Friends of Jack Straw, the shadow Home Secretary in charge of constitutional change, are irritated when they hear him accused of timidity. Look at what a Labour government is offering in its first term, they say: a Freedom of Information Act, a Bill of Rights, abolition of the hereditary principle in the Lords and regional government. Together they make the biggest package of constitutional change since 1945. We cannot do everything at once, they continue. Nor is it desirable to do everything at once. Genuine popular support has to be built up for regional government, elected peers and the rest before we can move. "Changing the constitution," said one, "is the work of two or even three parliaments."

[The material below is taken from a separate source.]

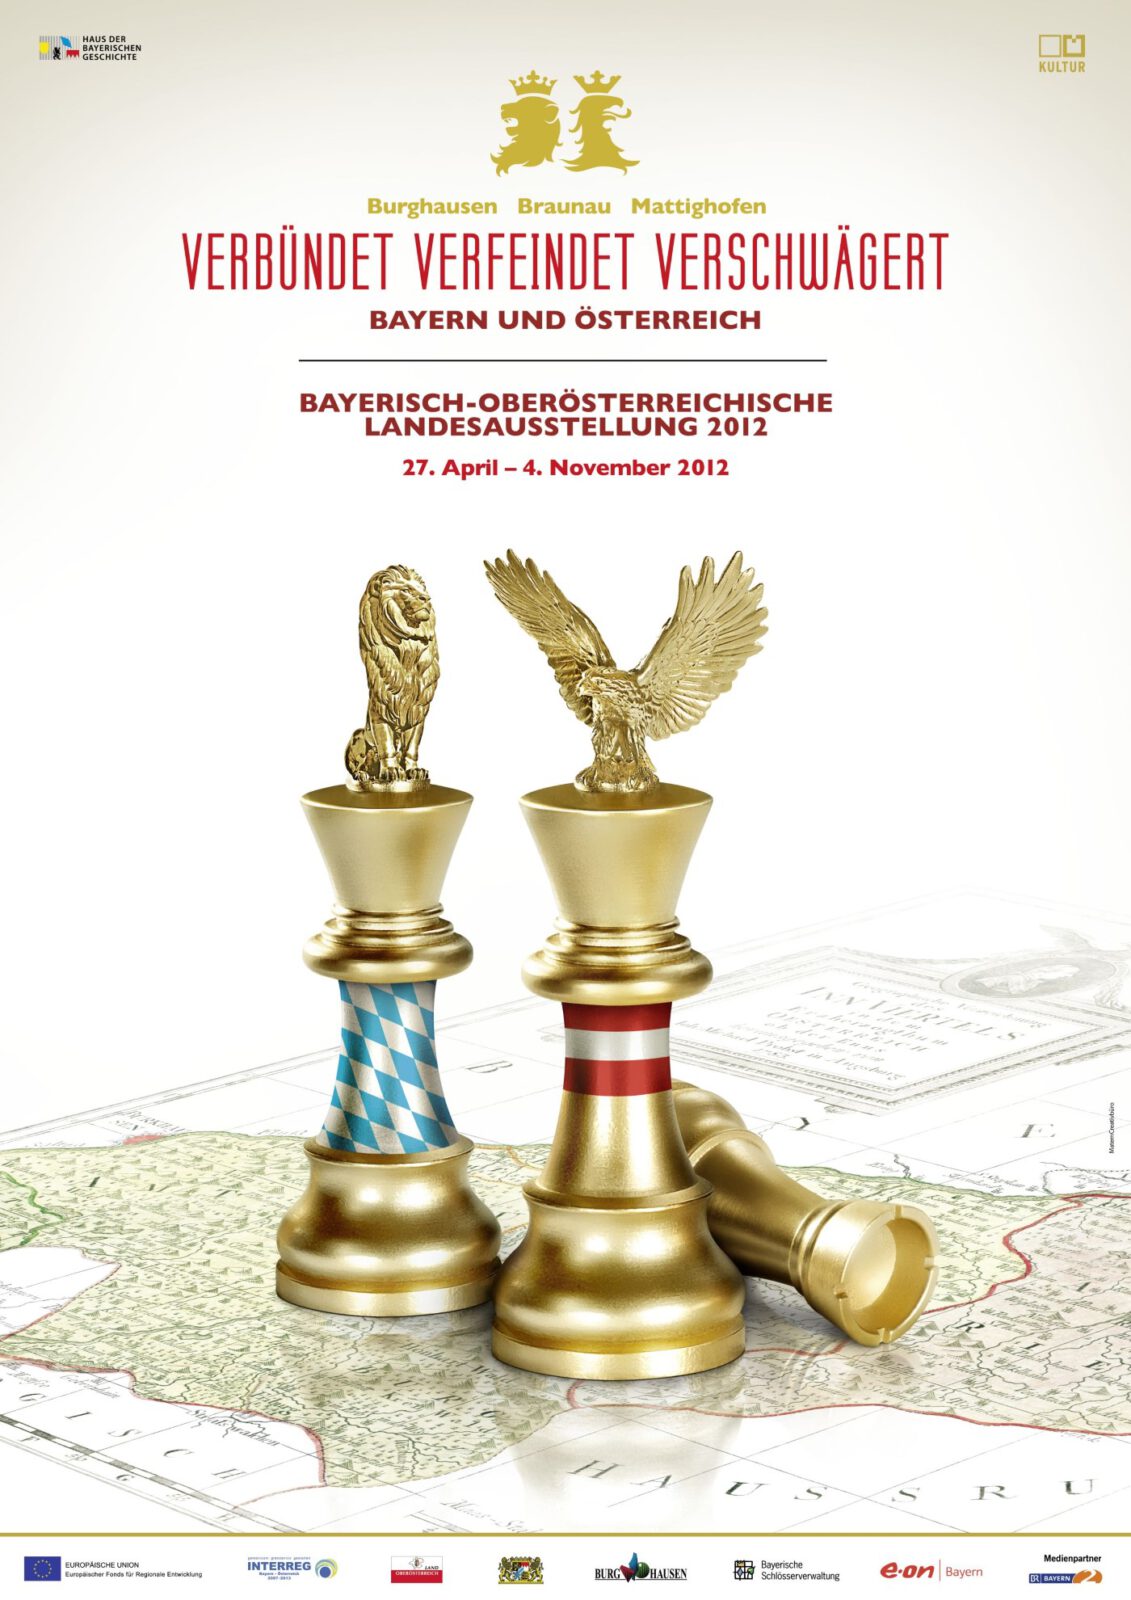 Logo der Bayerisch-Oberösterreichischen Landesausstellung 2012 in Burghausen, Braunau und Mattighofen. Drei Schachfiguren auf einer Landkarte. Eine stehende Schachfigur mit dem bayerischen Löwen und den weiß-blauen Rauten. Eine zweite stehende Schachfigur mit dem österreichischen Adler und rot-weiß-roten Streifen. Die dritte Schachfigur liegt .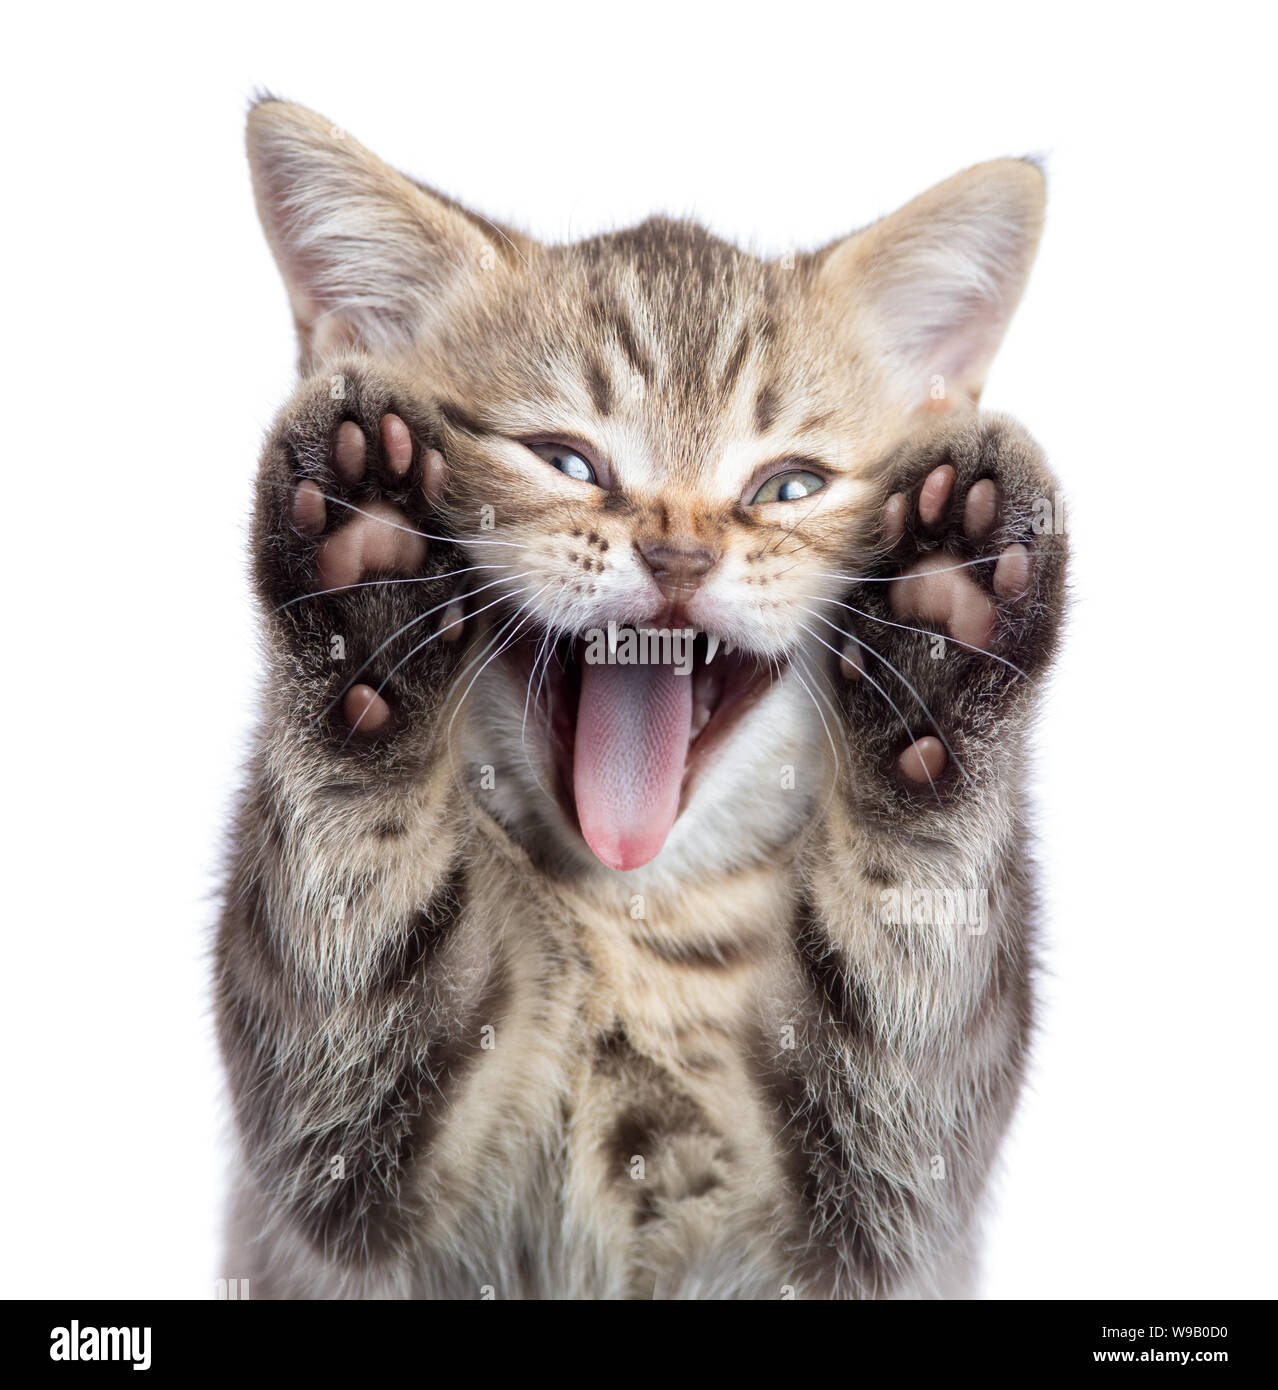 Portrait de chat chaton drôle avec la bouche ouverte et deux pattes uoisolated Banque D'Images

Mr Straw clearly believes Labour can win repeatedly at the polls under the old rules and introduce carefully thought-out measures over a decade. But many people on the left take a different view. Change the system before you lose power, they urge. Tear up the rule book, get rid of the first- past-the-post system and make sure it's impossible for the Conservatives to control everything from how much the smallest local council spends to the proceedings of the Commons and the Lords. After Thatcher your motto must be: Never Again!

Such pessimism may seem dismal but Labour may be wise to embrace it. One of the few European parties that can clamber up on the winners' pedestal beside the Swedish Social Democrats is the Conservative Party which has presided (either on its own or in coalition) over 70 of the past 100 years of Britain's decline.